What I dont get is the complete loss of traffic.. I go from receiving 2Gbps to nothing, and when it happens I have no connection to the outside world from the cisco on that WAN interface.. Like I'm losing WAN connection from my provider. (even though they say its me..)
I would imagine the buffer would drop packets and not drop all traffic right?
Its been running like this for years.. But definitely the buffer is still an issue, so I will start there.
Thank you
10-26-2021 08:04 AM
Hello
not much i guess you can do on the rtr that’s encountering these overruns apart from tweekint the interface buffers but i’m quite positive it won’t fix the issue unless you upgrade-you could try negating the traffic rate at the other end if that’s under your control
10-26-2021 10:05 AM
". . . and the maximum TX bandwidth Ive pushed in all directions is 3 Gbps. "

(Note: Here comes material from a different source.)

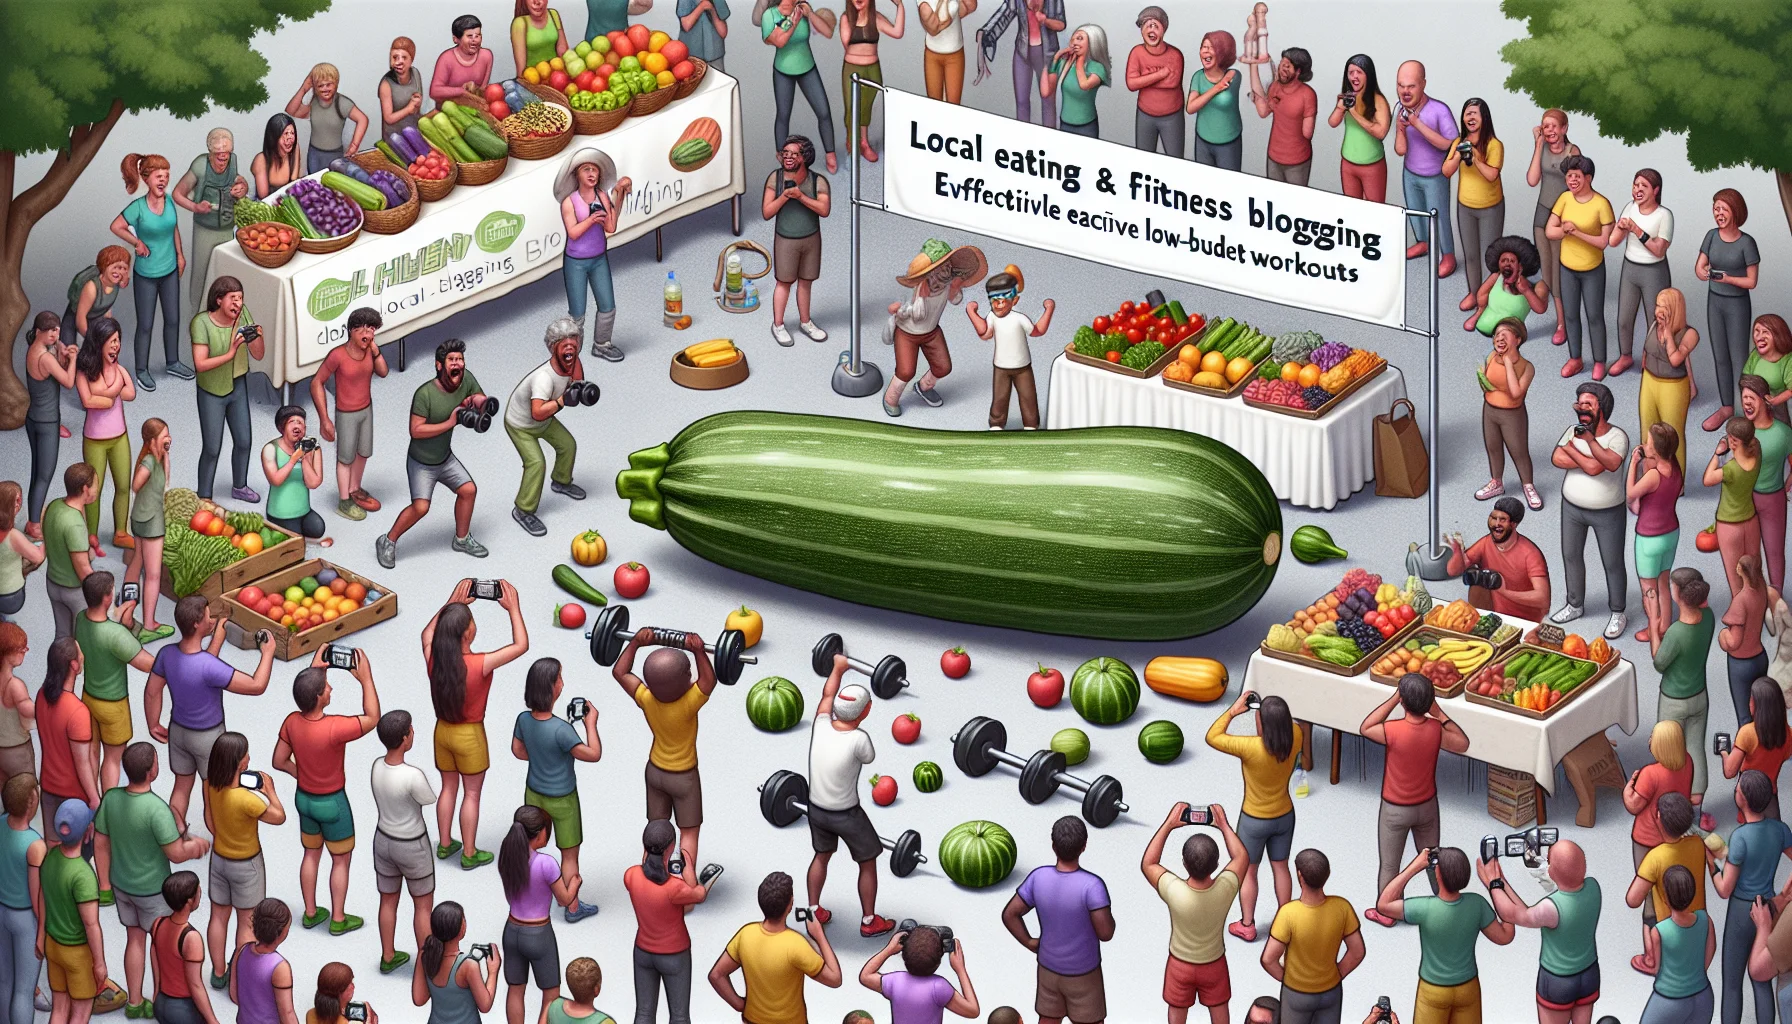 Create a highly detailed and realistic image of a funny and entertaining scene representing a local eating and fitness blogging event. Imagine different booths, each offering a wide variety of fresh, colorful fruits and vegetables, and fitness instructors demonstrating effective low-budget workouts. Include an amusing scene in the center, such as a person misinterpreting a zucchini for a weight, eagerly lifting it in the air. Add cheerful crowd comprising of multi-ethnic spectrum - Asian, African, Caucasian etc, of diverse genders observing, laughing, documenting and participating in the event. The overall vibe should be positive, promoting healthy living at a low cost.

BTW, 10g interfaces always transmit at 10g. 3 Gbps is a usage average over some time period.
Although you have ingress queue issues on both LAN and WAN interfaces, as noted by the others, your WAN interface is showing the biggest ingress problem.
Possibly pushing the ingress queue limit up might help (try 4K, if supported) on the WAN interface.
What might also help, if not so configured, is enabling PMTUD to get BGP to use MTU (rather than the minimal 576).
Also BTW, if you wish to better optimize buffer allocation, later IOSs support an "auto" optimize command for that (although I forget the exact syntax of the command).
Discover and save your favorite ideas. Come back to expert answers, step-by-step guides, recent topics, and more.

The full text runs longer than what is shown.